• RECORDED INFORMATION
^^^^

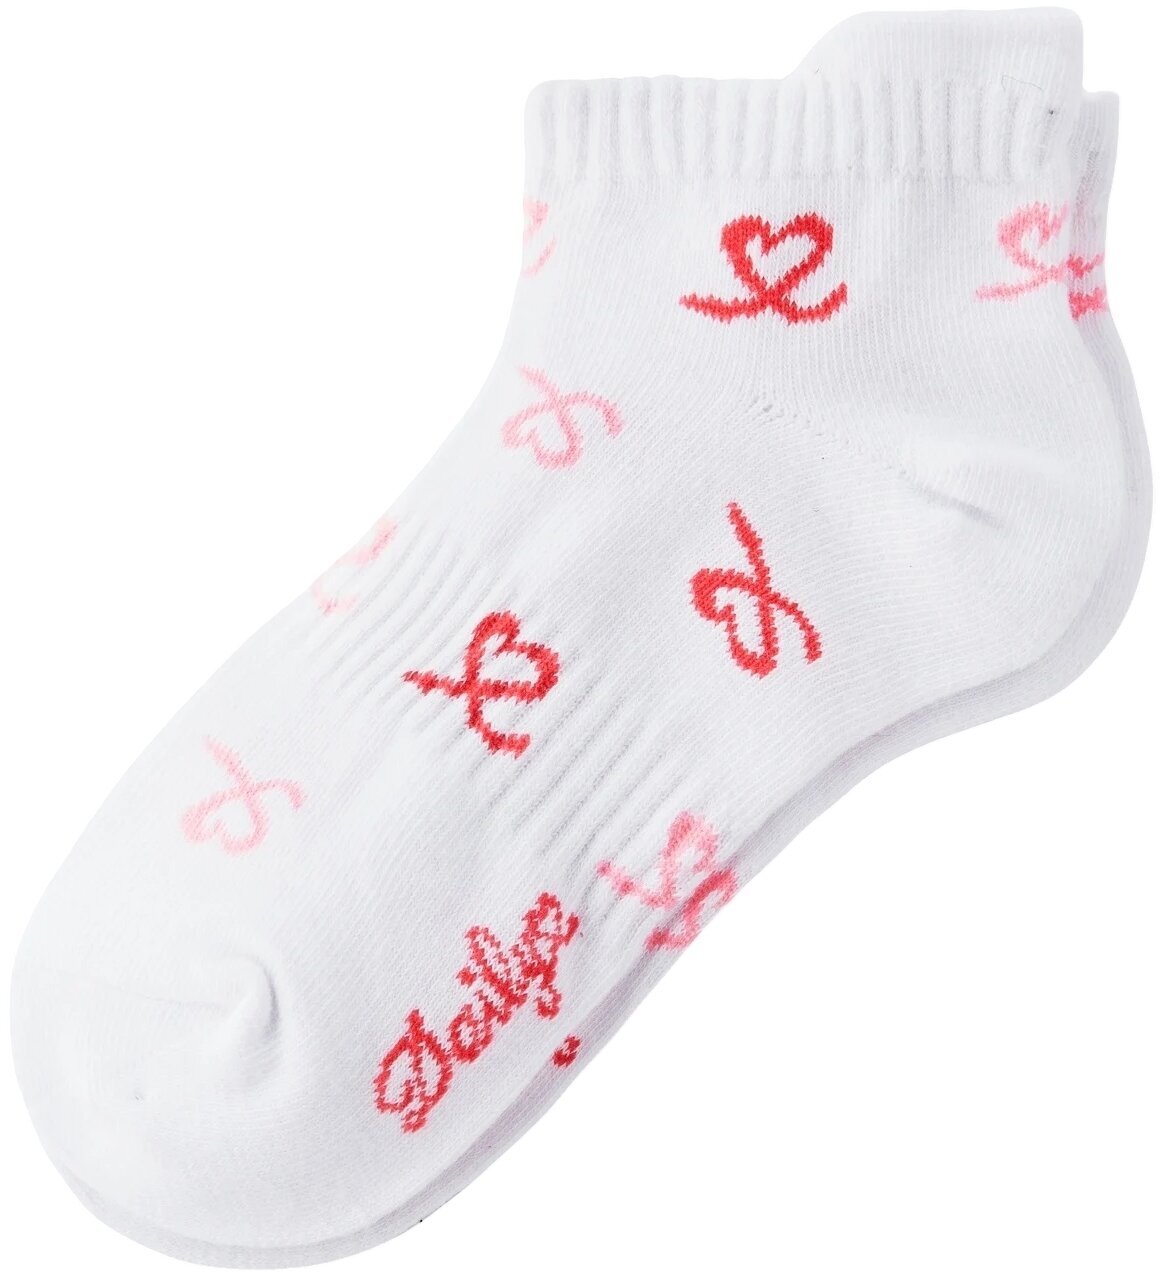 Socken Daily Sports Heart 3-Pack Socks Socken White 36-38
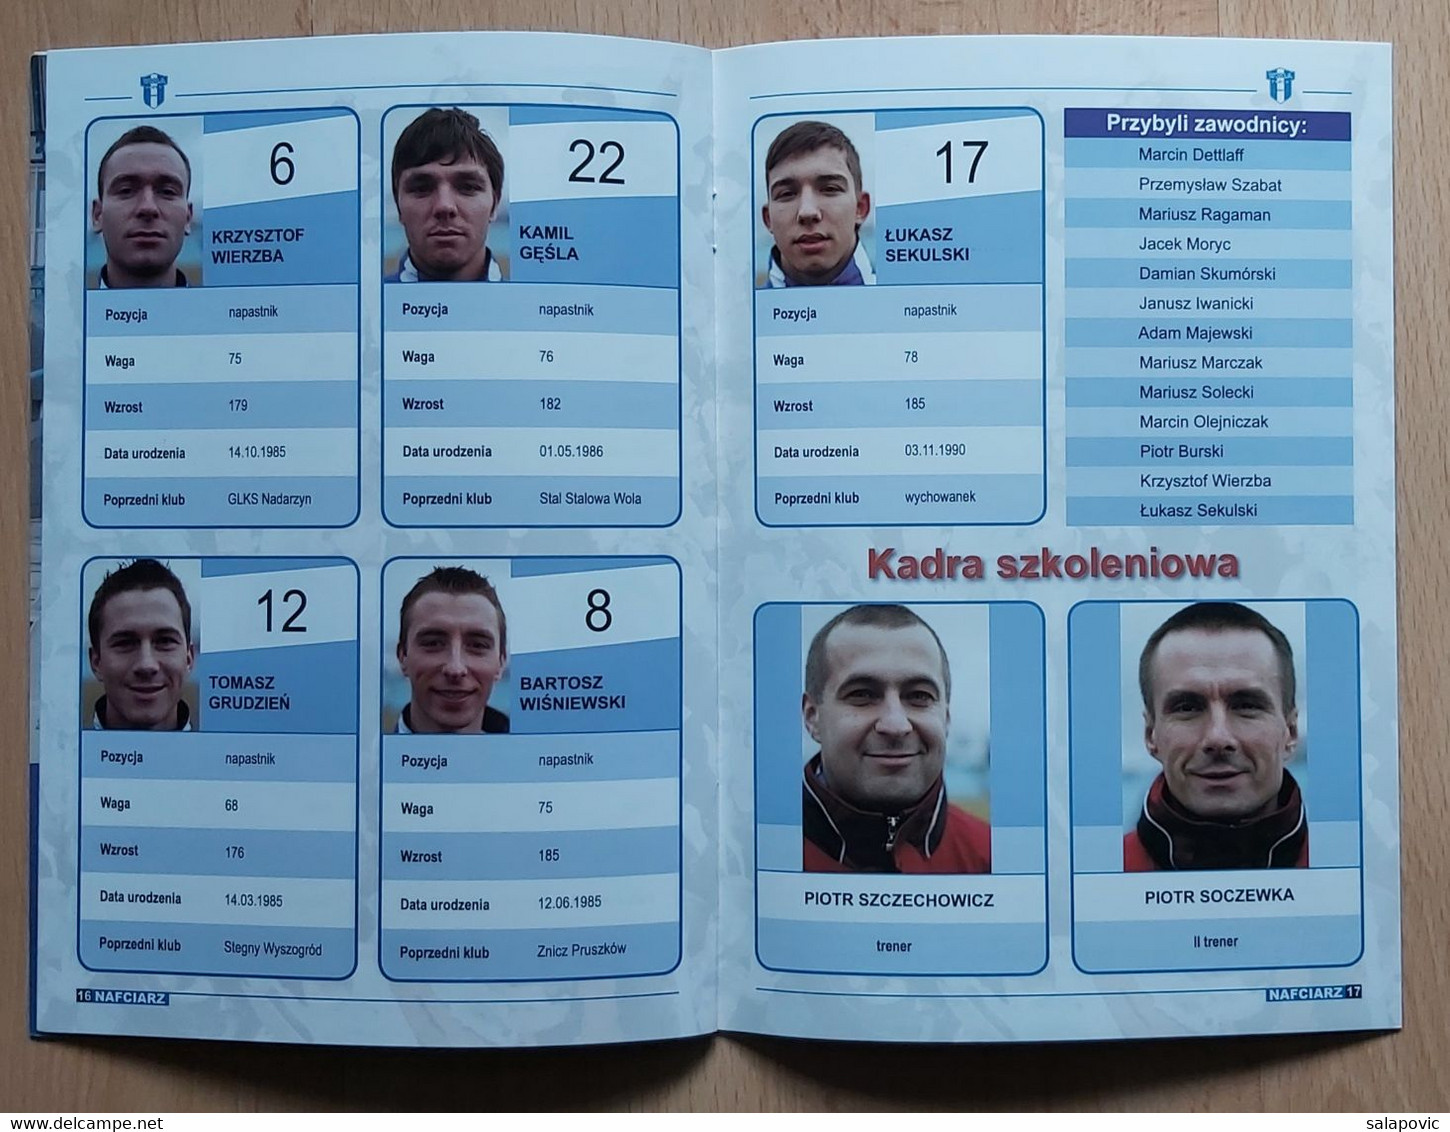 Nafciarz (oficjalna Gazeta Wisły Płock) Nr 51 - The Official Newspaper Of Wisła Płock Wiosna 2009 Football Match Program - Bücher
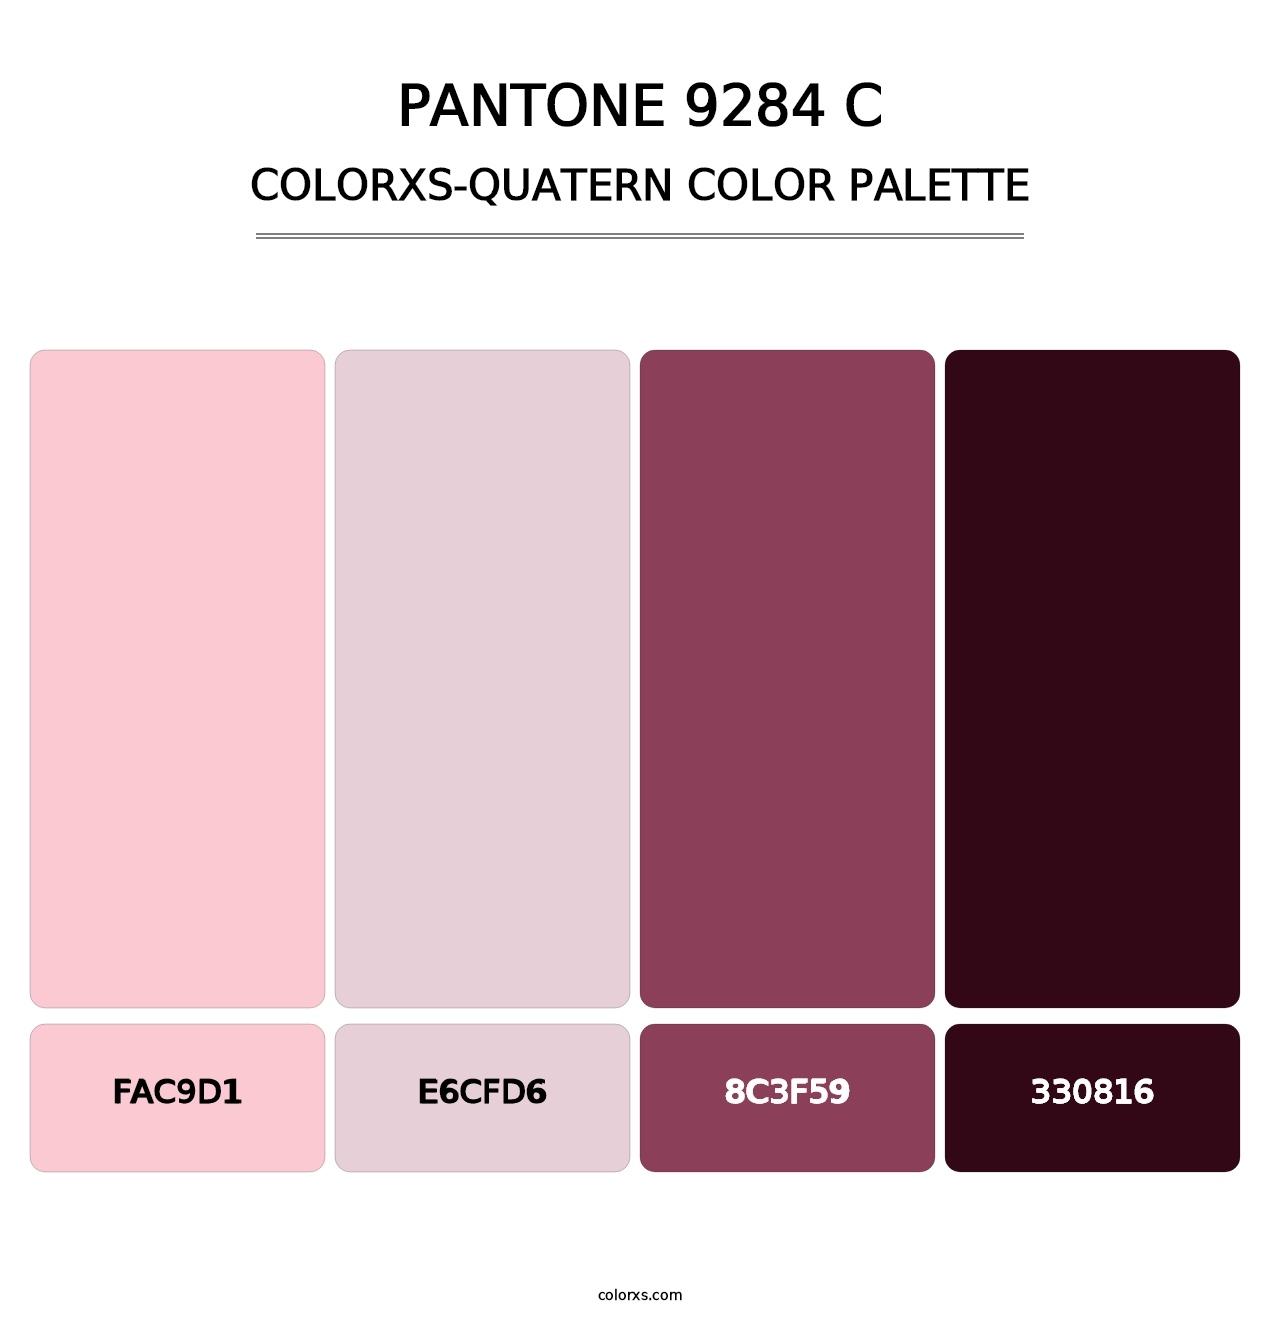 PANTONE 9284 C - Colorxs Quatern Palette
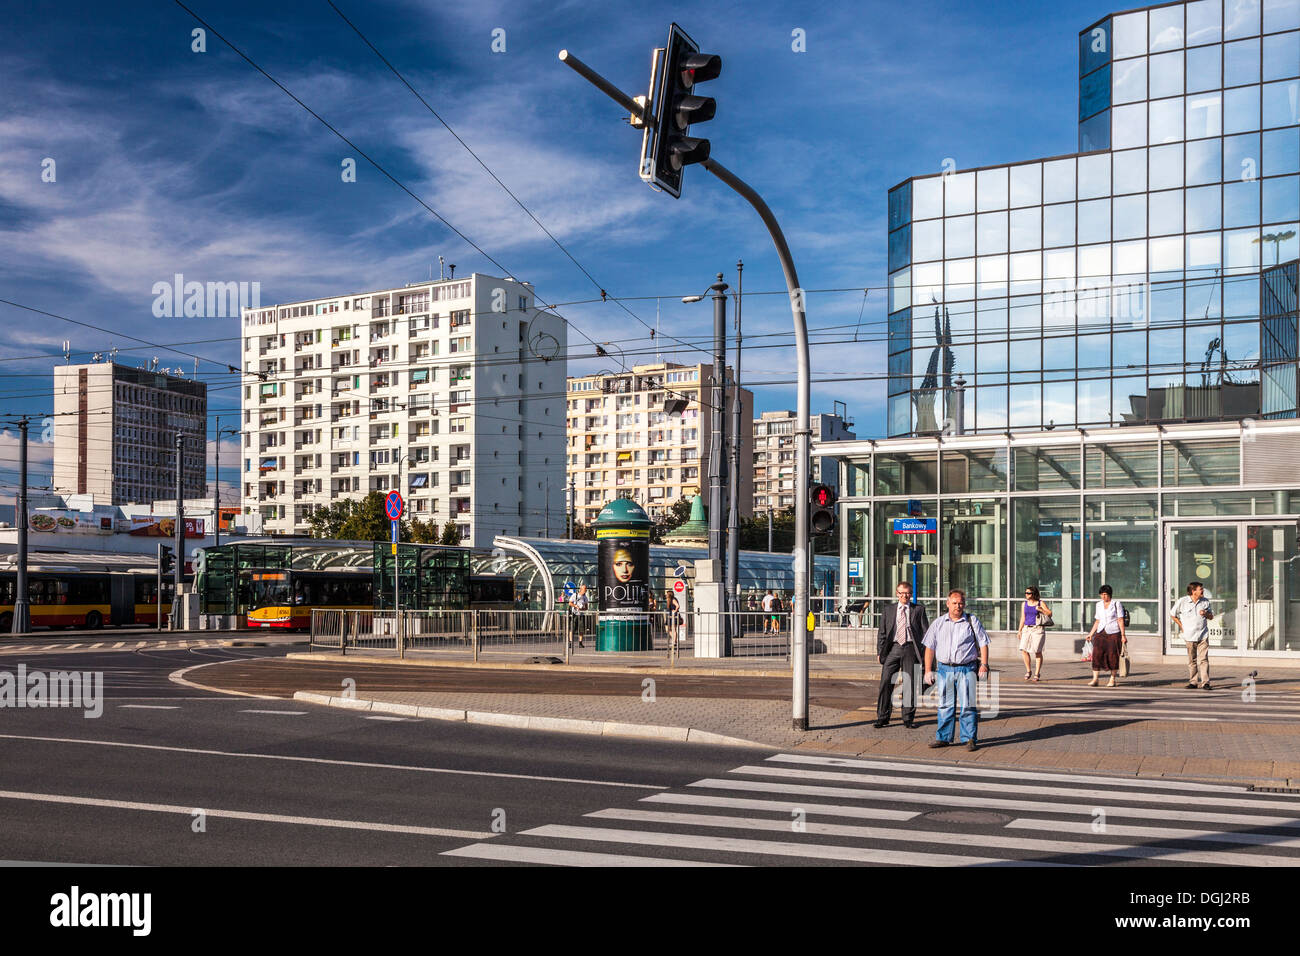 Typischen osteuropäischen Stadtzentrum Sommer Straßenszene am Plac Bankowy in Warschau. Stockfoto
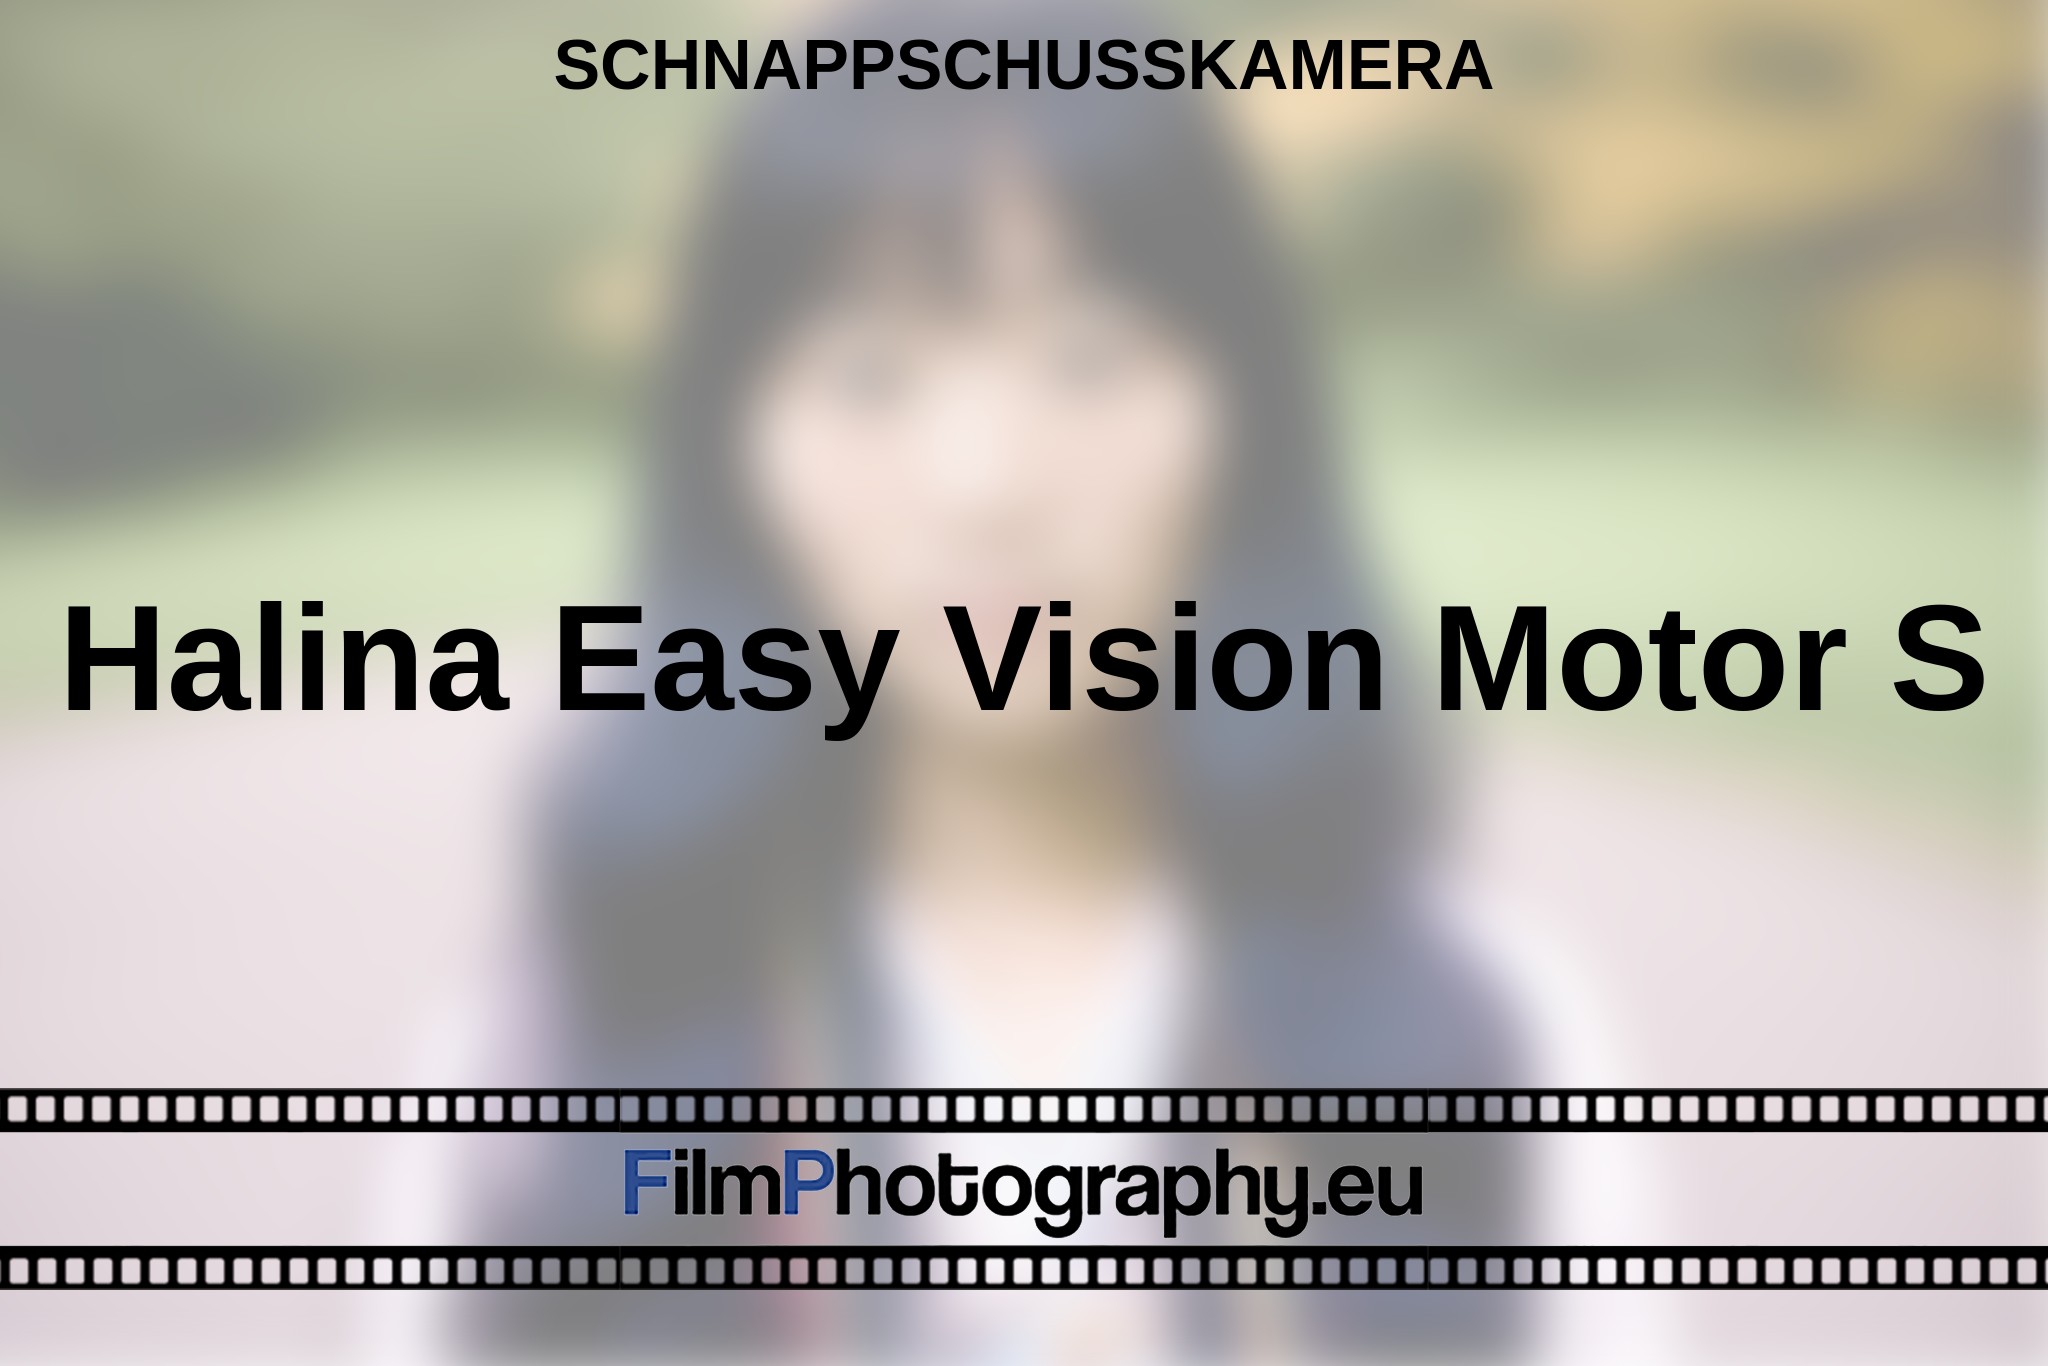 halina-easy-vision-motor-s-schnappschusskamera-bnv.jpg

^^^^

• EXERCISE INSTRUCTIONS
In the records above, the lines from the one containing "Typischen osteuropäischen Stadtzentrum" through the last line are to be written out exactly, both ends included and pictures omitted.

• SOLVED EXERCISE
 Typischen osteuropäischen Stadtzentrum Sommer Straßenszene am Plac Bankowy in Warschau. Stockfoto
 halina-easy-vision-motor-s-schnappschusskamera-bnv.jpg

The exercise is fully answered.